Rebuffed in their bid last year to capture $100 million of the state’s growing reserves, Connecticut’s nonprofit social service agencies are taking a new approach.

The CT Community Nonprofit Alliance asked Thursday for a share of projected future budget surpluses — more than $460 million over the next five years — to mitigate more than a decade of under-funding.

Despite predictions that Connecticut’s rainy day fund could continue to grow through 2024, the nonprofits’ big ask puts the sector on a collision course with Gov. Ned Lamont and many legislators over the state spending cap.

“Through more than a decade of tough budgets, while the need for services has only increased — nonprofits have had their budgets frozen or reduced,” said Gian-Carl Casa, president and CEO of the alliance. “Today we’re asking that the governor and the legislature provide us with the means to continue to help half a million people across the state.”

Connecticut spends about $1.4 billion annually contracting with hundreds of community-based, private, nonprofits to provide the bulk of state social services.

In terms of dollars, that’s larger than the departments of Transportation, Correction and Motor Vehicles combined.

Since 2002, state spending for nonprofits has grown by about 10%. After adjusting for inflation, nonprofits say they have lost money.

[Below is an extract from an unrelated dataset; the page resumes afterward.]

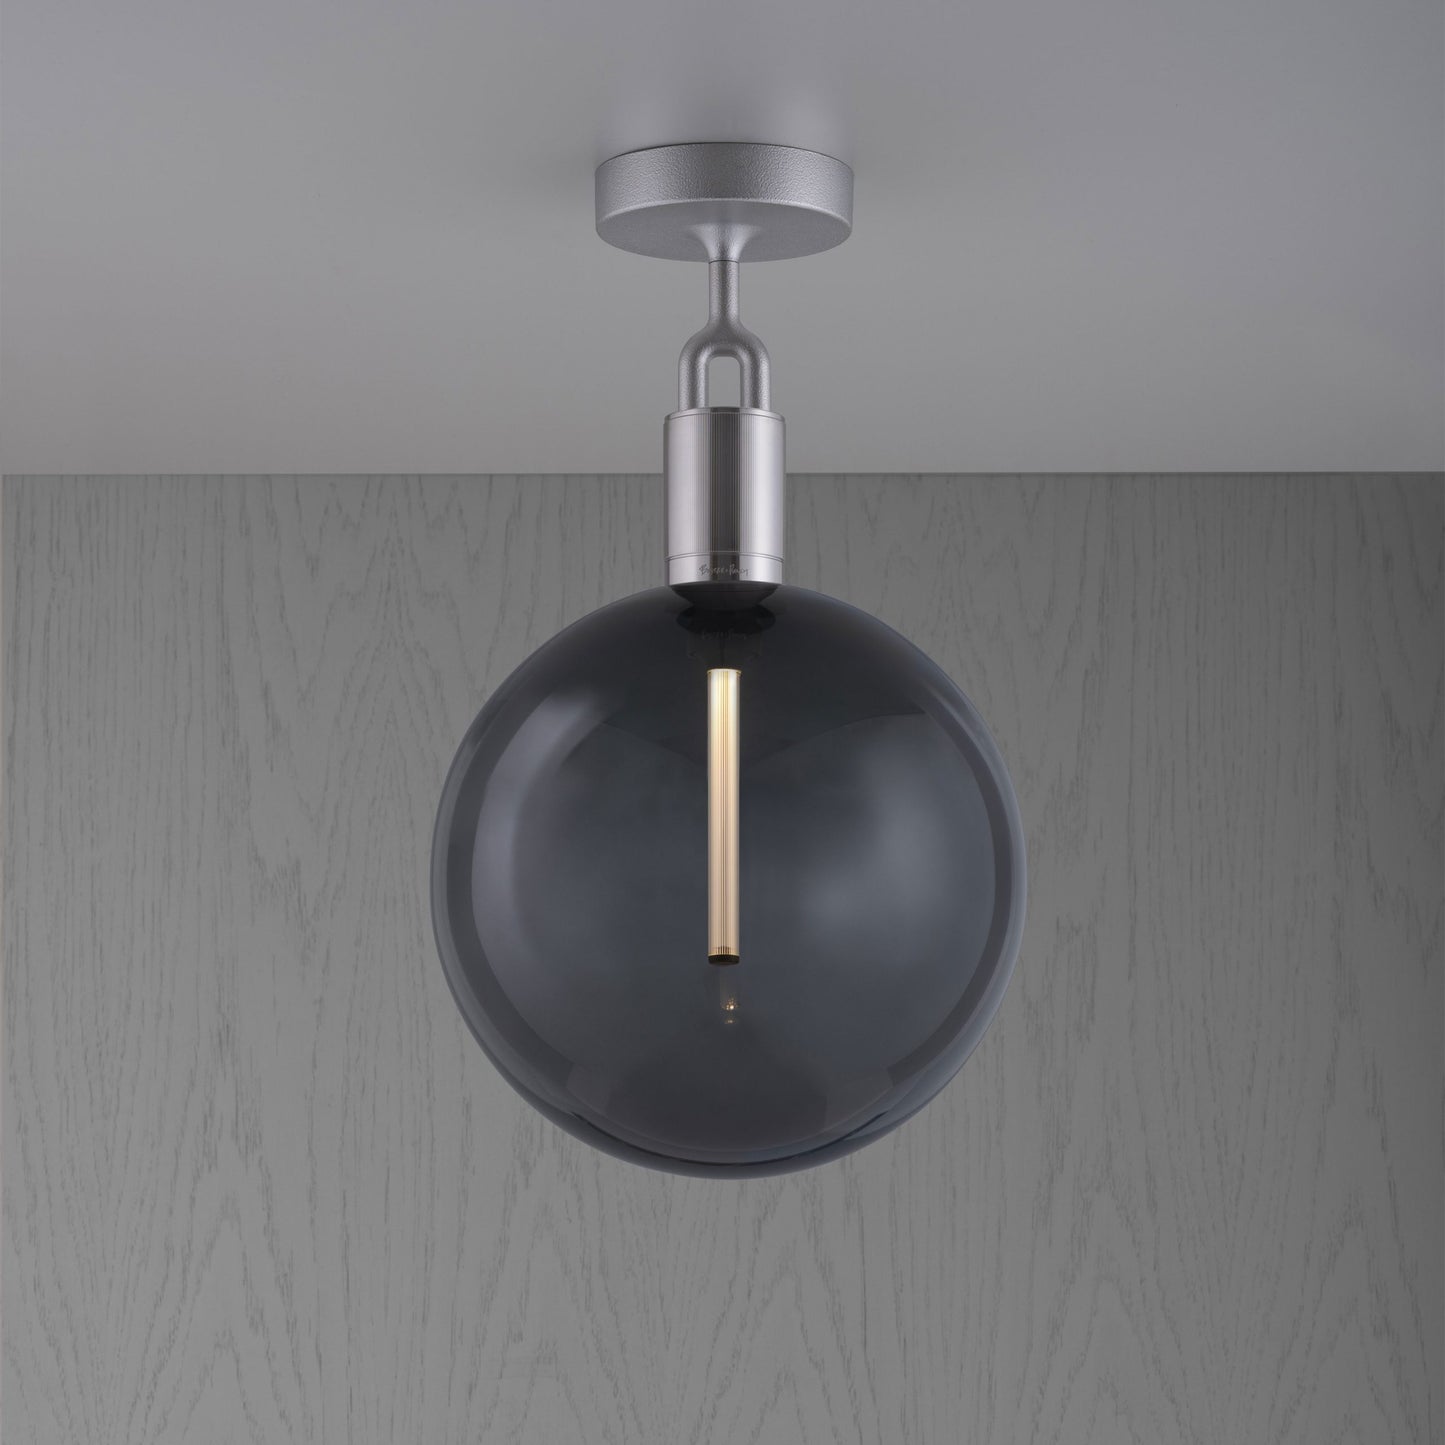 Forked Ceiling Light / Globe / Smoked / Large Steel, front view.

“This is not the conversation we should be having. But misery doesn’t sell. Sadness doesn’t sell.”

Sen. Saud Anwar, D-South Windsor

The alliance projects it would take an extra $462 million per year to make them whole. Their proposal is for Lamont and lawmakers to gradually increase funding over the next five years for an average of about $92.4 million extra per year.

This also would coincide with a projected surge in state employee retirements. Comptroller Kevin Lembo’s office projects 15% or more of the workforce could step down by 2022 or 2023. And as state-employed social workers retire, the nonprofit sector is expected to be asked to absorb more of Connecticut’s caseload.

Andrea Ferrucci, who chairs the alliance, said many state officials are aware that Connecticut has about two thousand aging citizens with developmental disabilities on a waiting list for residential placements — a problem that has been growing for decades.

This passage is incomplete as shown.